"Laymon, Richard - InTheDark" - читать интересную книгу автора (Laymon Richard)

_If you don't want to do it in front of him, you'll have to go all the way downstairs with him, usher him out, then come back up here by yourself._
_Or wait till tomorrow._
She couldn't wait, just couldn't.
"Maybe I'll pick up something for myself," she muttered, then sidestepped out of the aisle. She found herself facing shelf after shelf loaded with hardbound novels. She crouched down.
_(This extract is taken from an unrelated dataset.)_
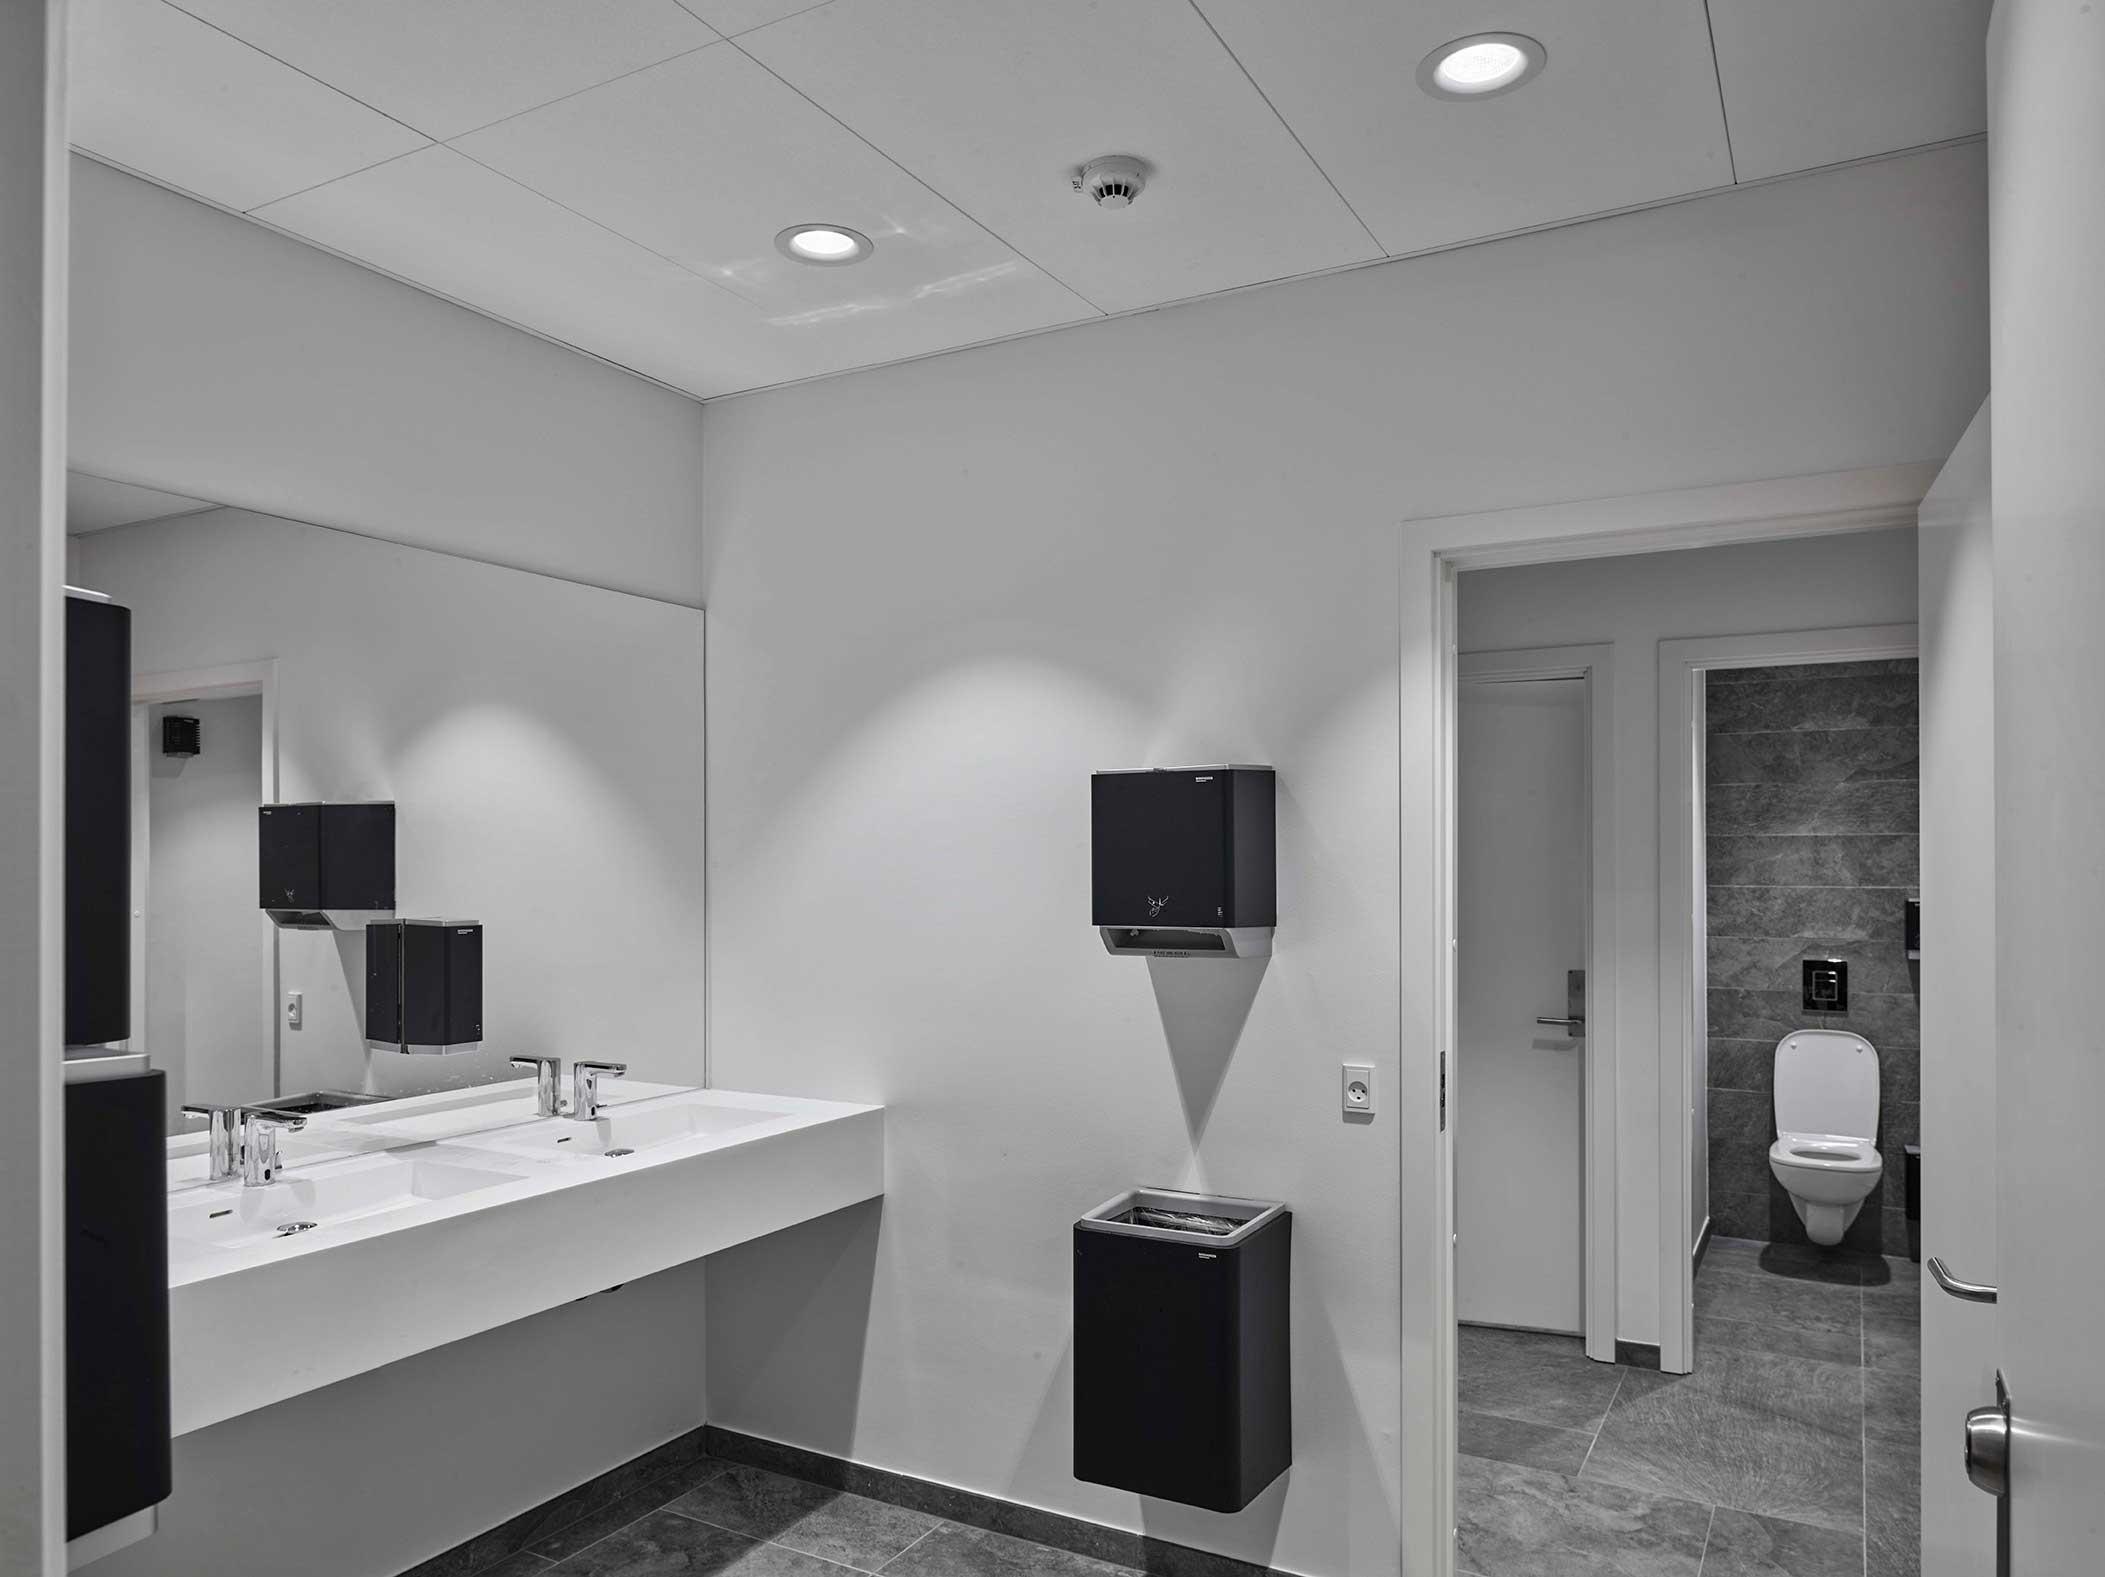 Hotel Alsik i Sønderborg Indbygget i loft Linia DS-F 150 på toiletterne
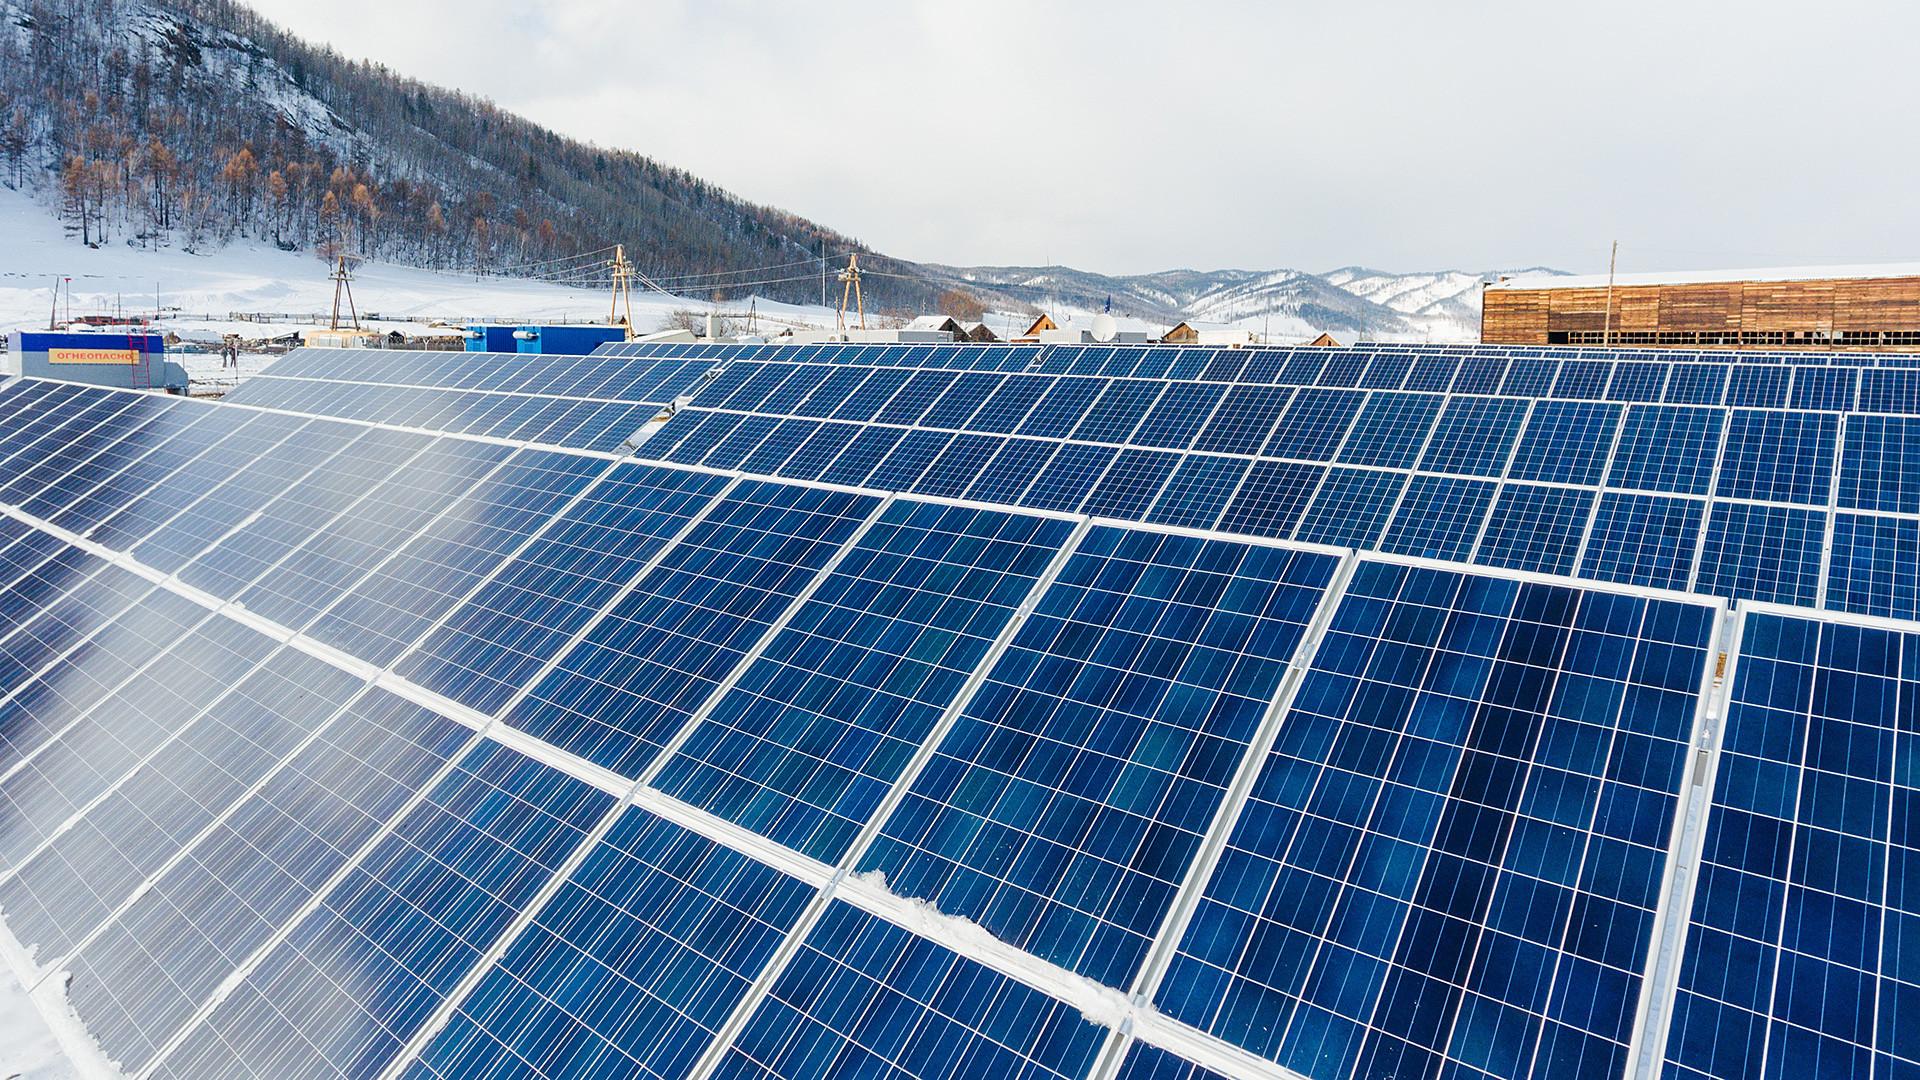 Usina de energia solar em Menza

Wolfe was lower still -- level with her knees.
"Are you going for Wouk?" Brace asked.
"Wolfe."
"_Bonfire_ boy, or . . .?"
"Thomas."
She spotted two copies of _Look Homeward, Angel_, followed by an empty space, after which was a single copy of _The Web and the Rock_, another open space, then two copies or _You Can't Go Home Again_.
Jane pulled out a copy of _Look Homeward, Angel_. Elbows on knees, she opened the book and flipped through it.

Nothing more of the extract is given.